── DATA RECORDS ──

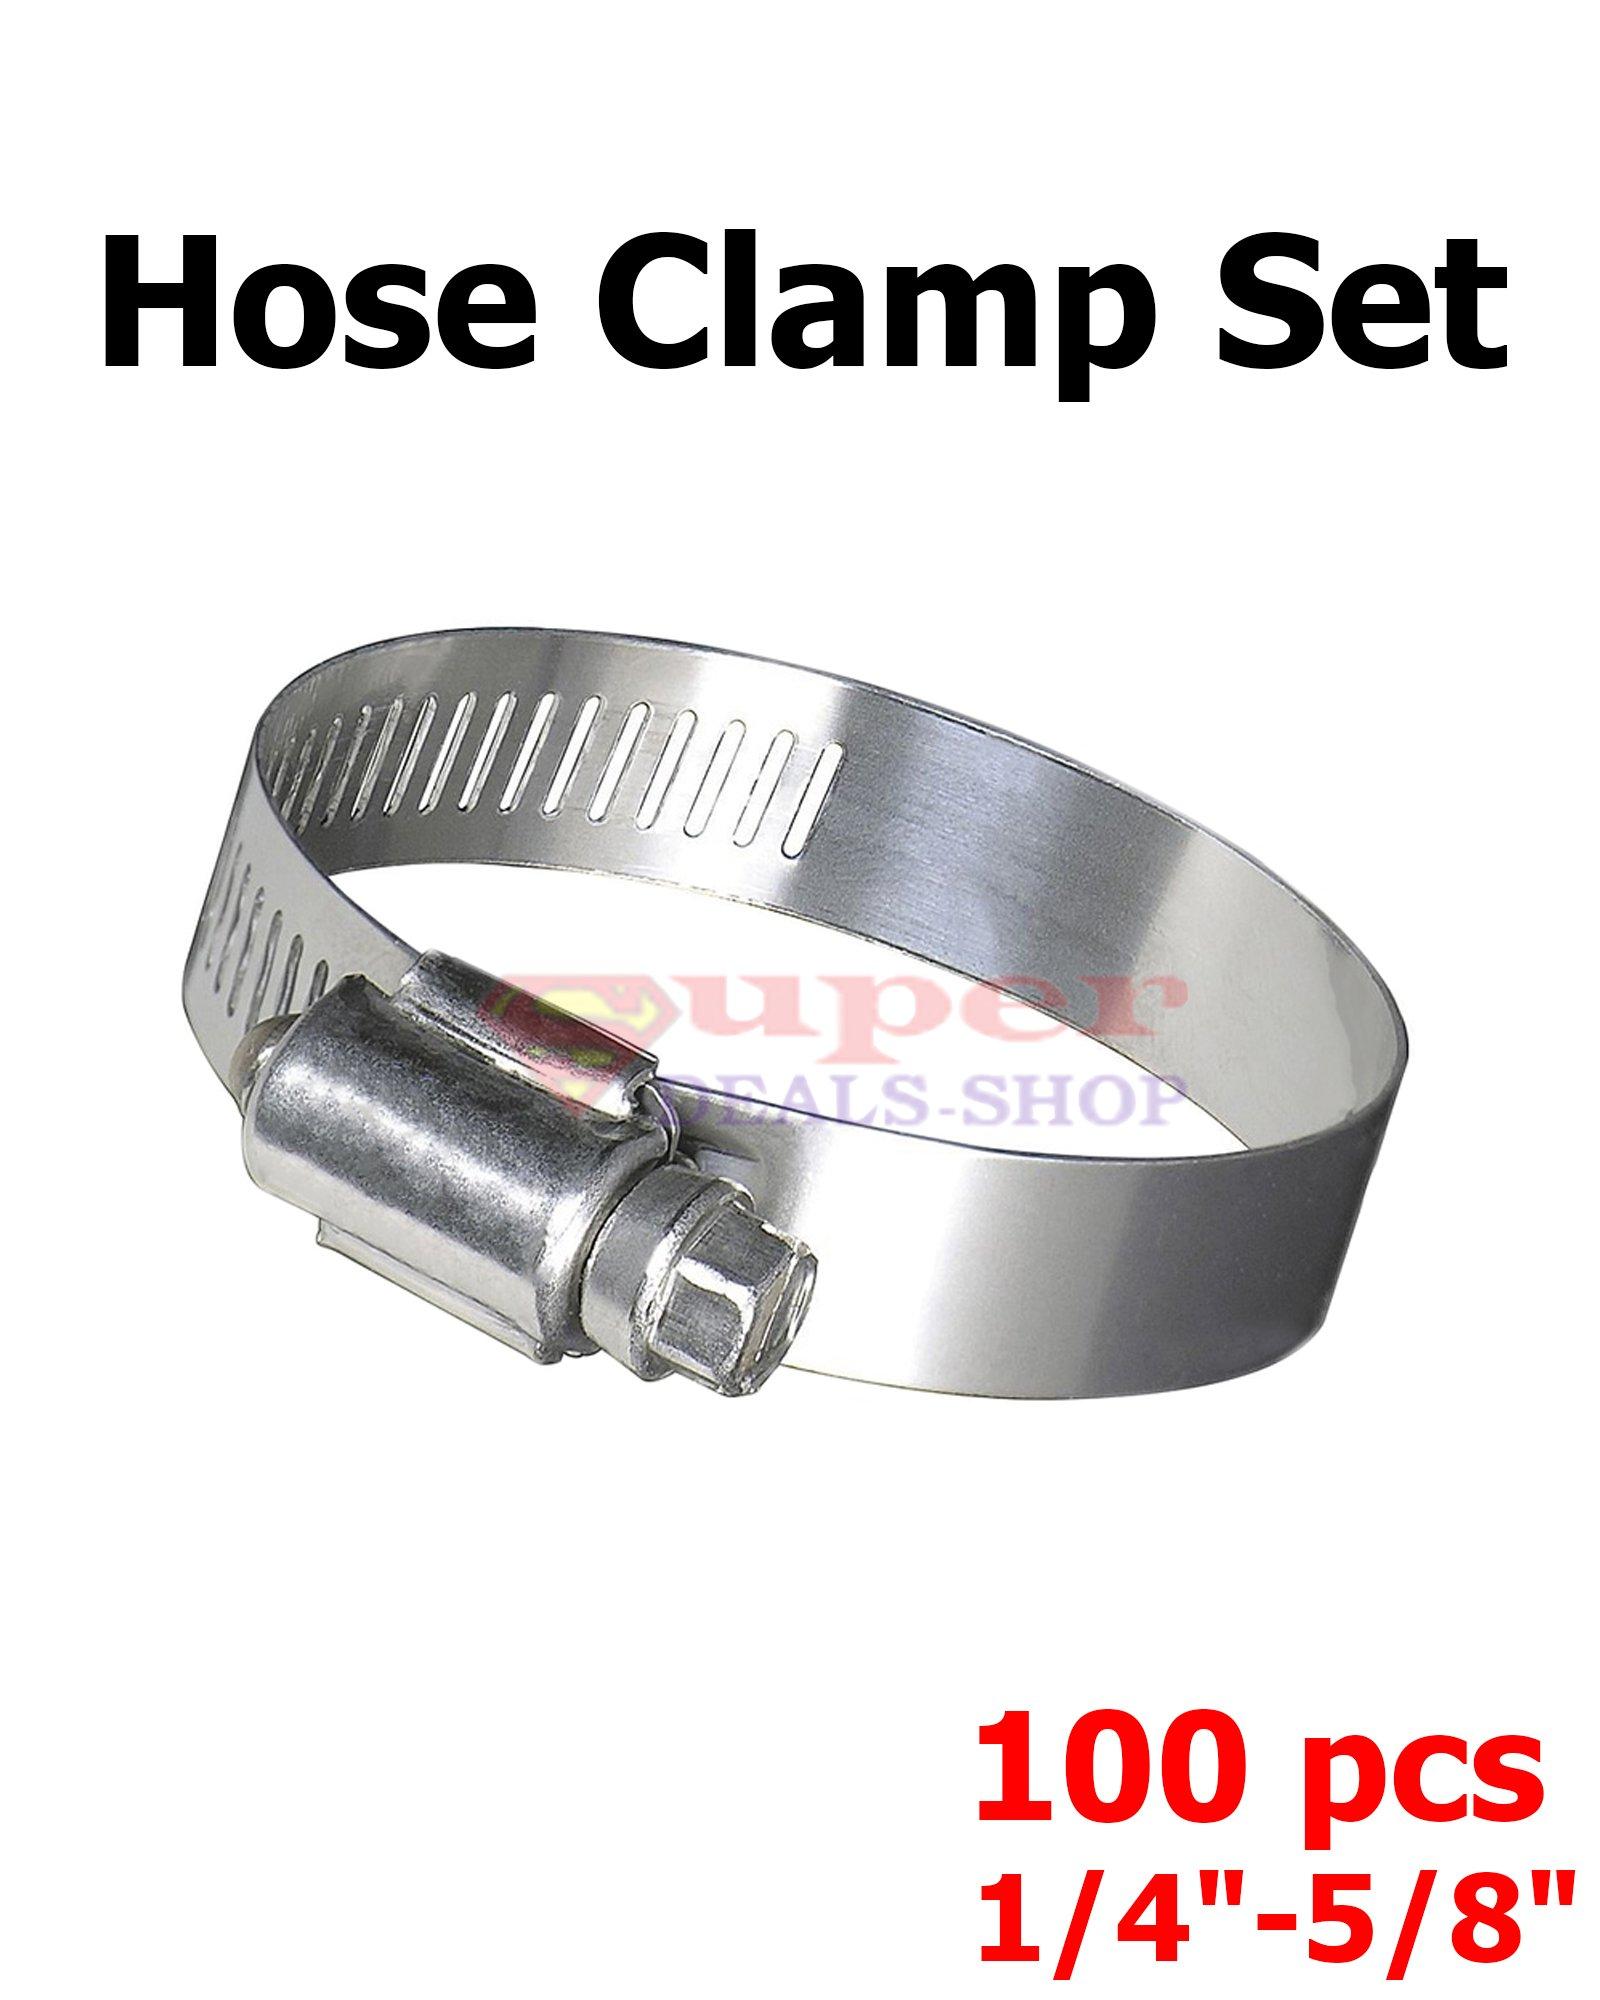 Steel Hose Clamp Radiator Hose Clamp Adjustable Stainless Steel Hose Clamp Super-Deals-Shop (100 1/4'' - 5/8'') by SDShop
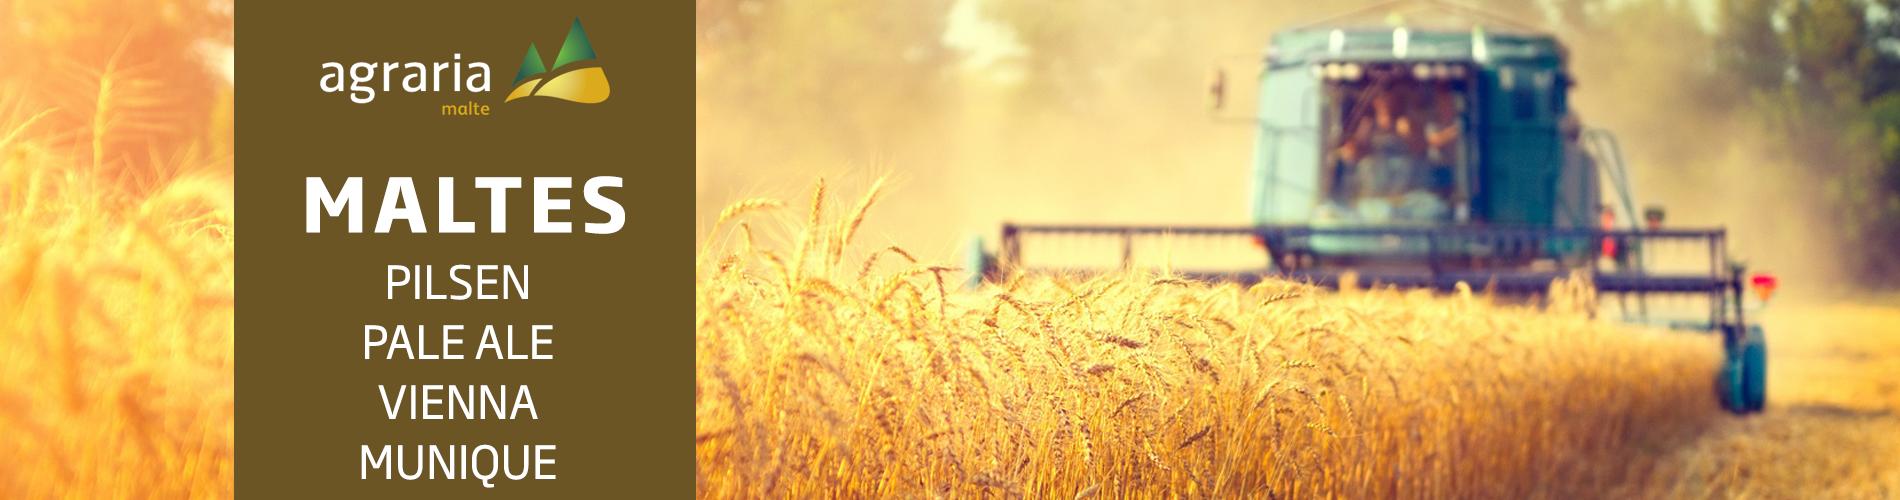 Maltes Agraria
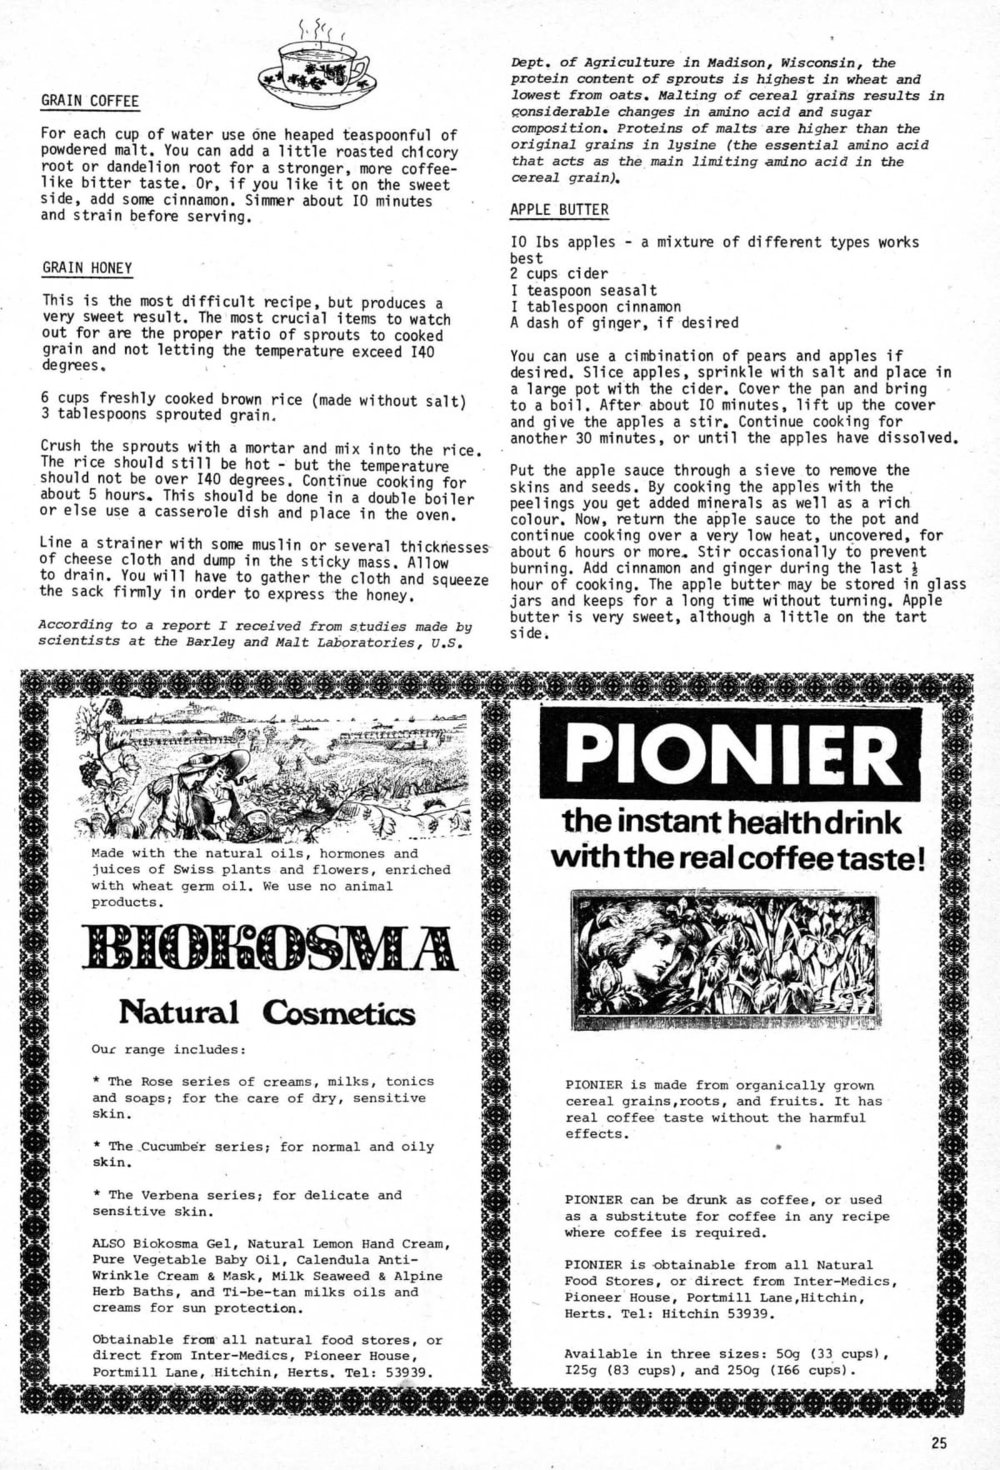 seed-v4-n5-may1975-25.jpg
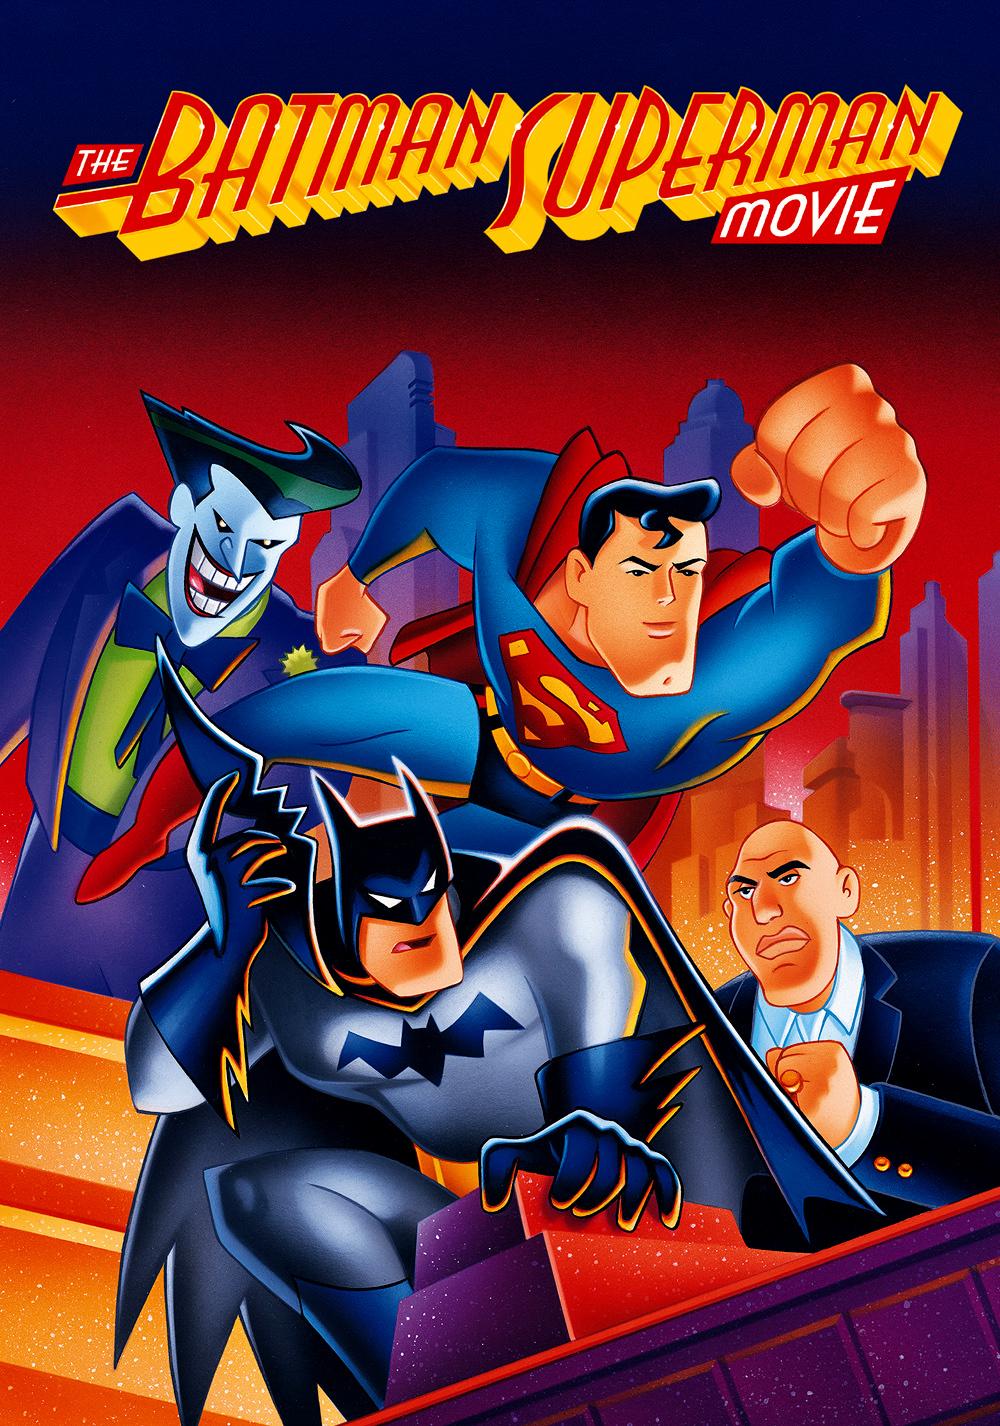 affiche du film The Batman Superman Movie: World's Finest
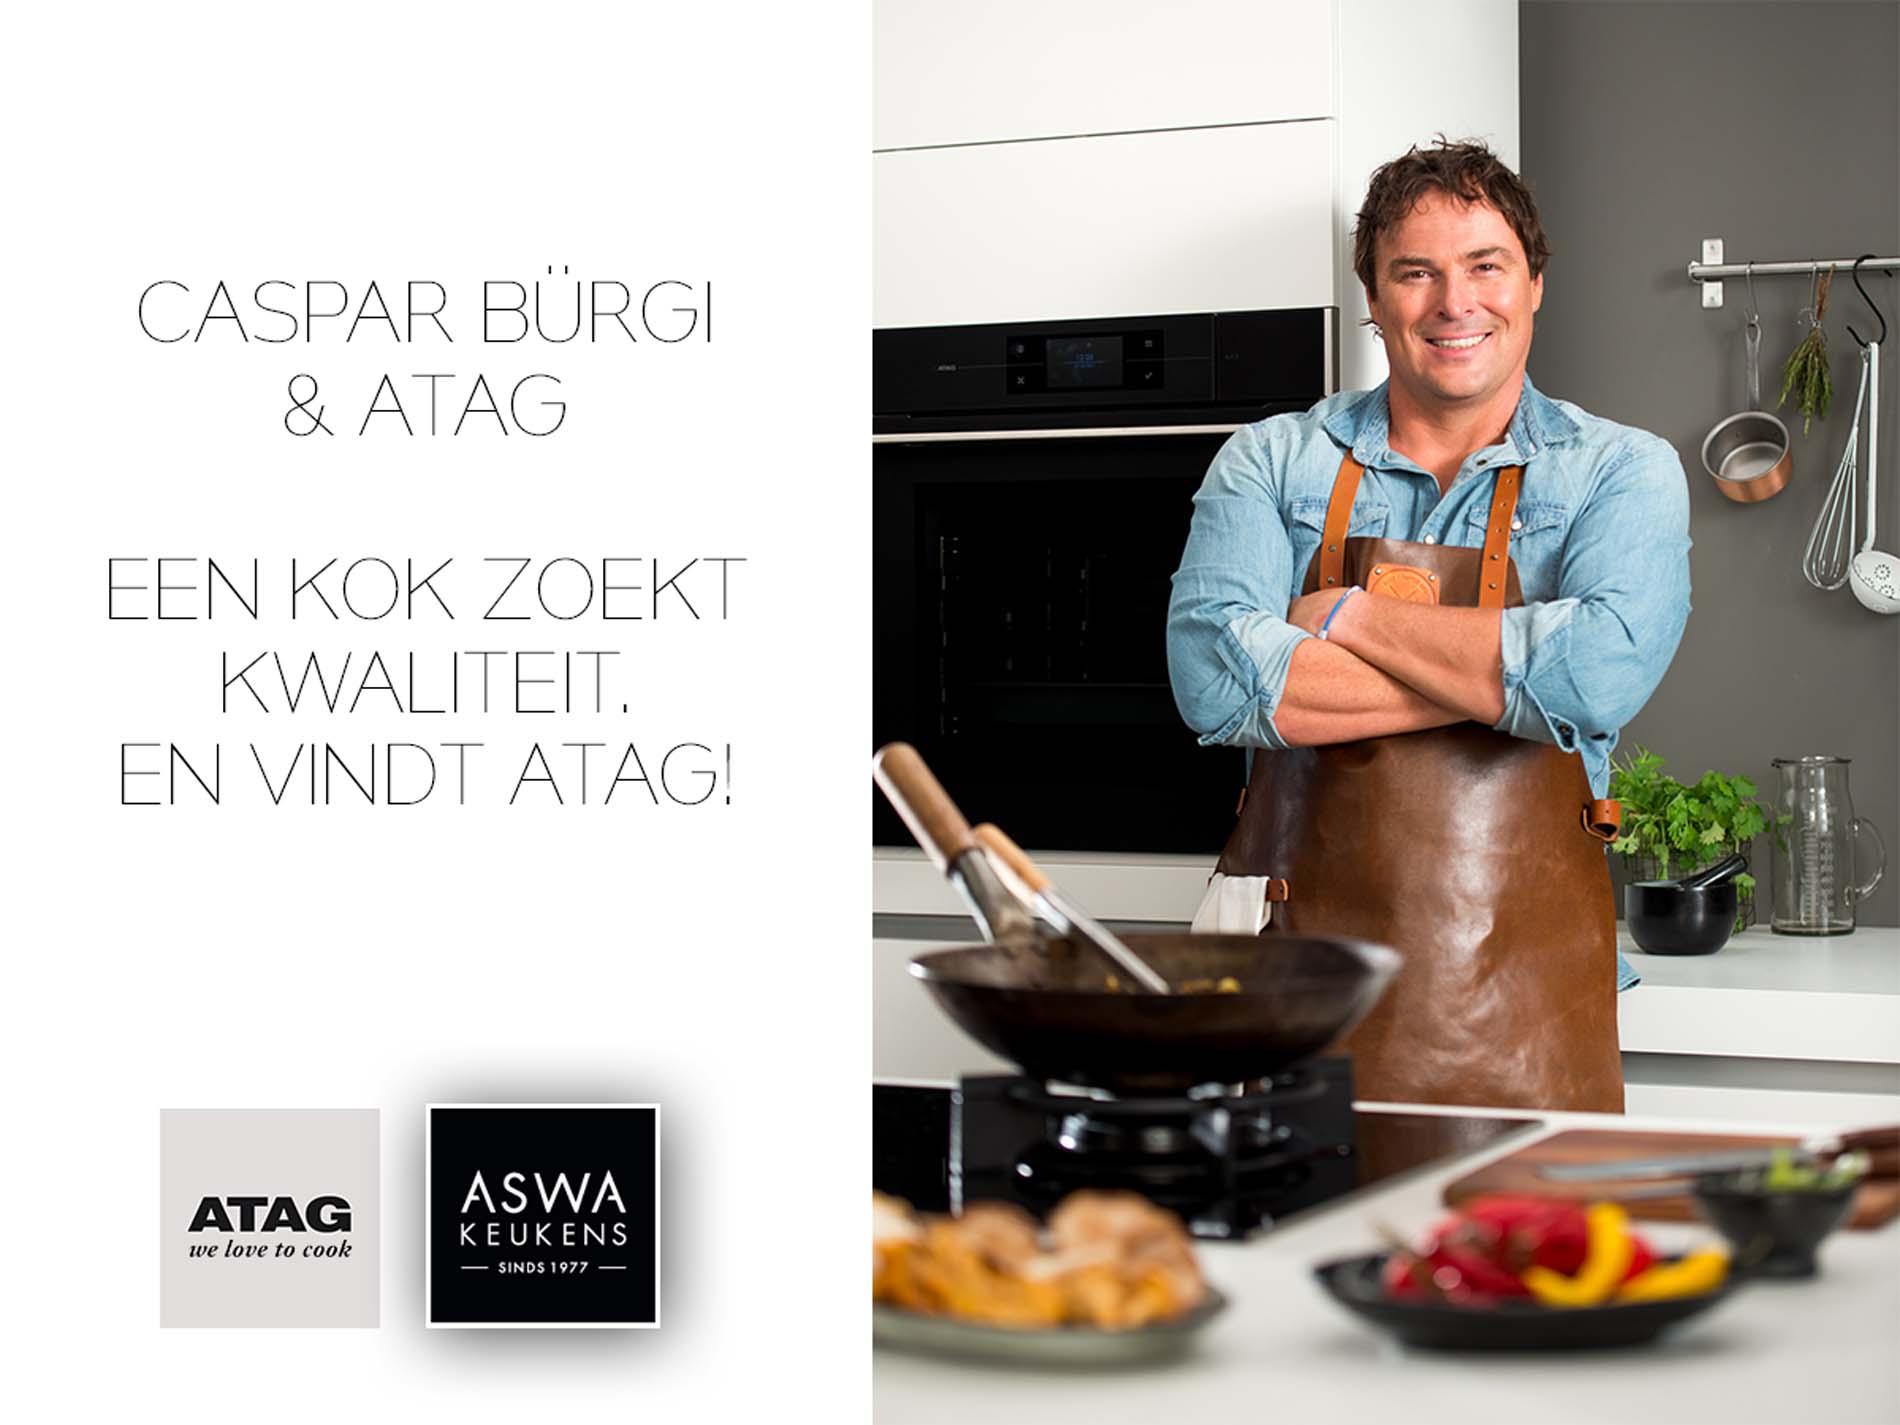 Samenwerking ATAG en Caspar Bürgi

───

DESCRIPTION OF THE TASK: Return the material above in exact form. Pictures stay out.

ANSWER FOR THIS EXERCISE:
 Steel Hose Clamp Radiator Hose Clamp Adjustable Stainless Steel Hose Clamp Super-Deals-Shop (100 1/4'' - 5/8'') by SDShop
 Maltes Agraria
 seed-v4-n5-may1975-25.jpg
 affiche du film The Batman Superman Movie: World's Finest
 Samenwerking ATAG en Caspar Bürgi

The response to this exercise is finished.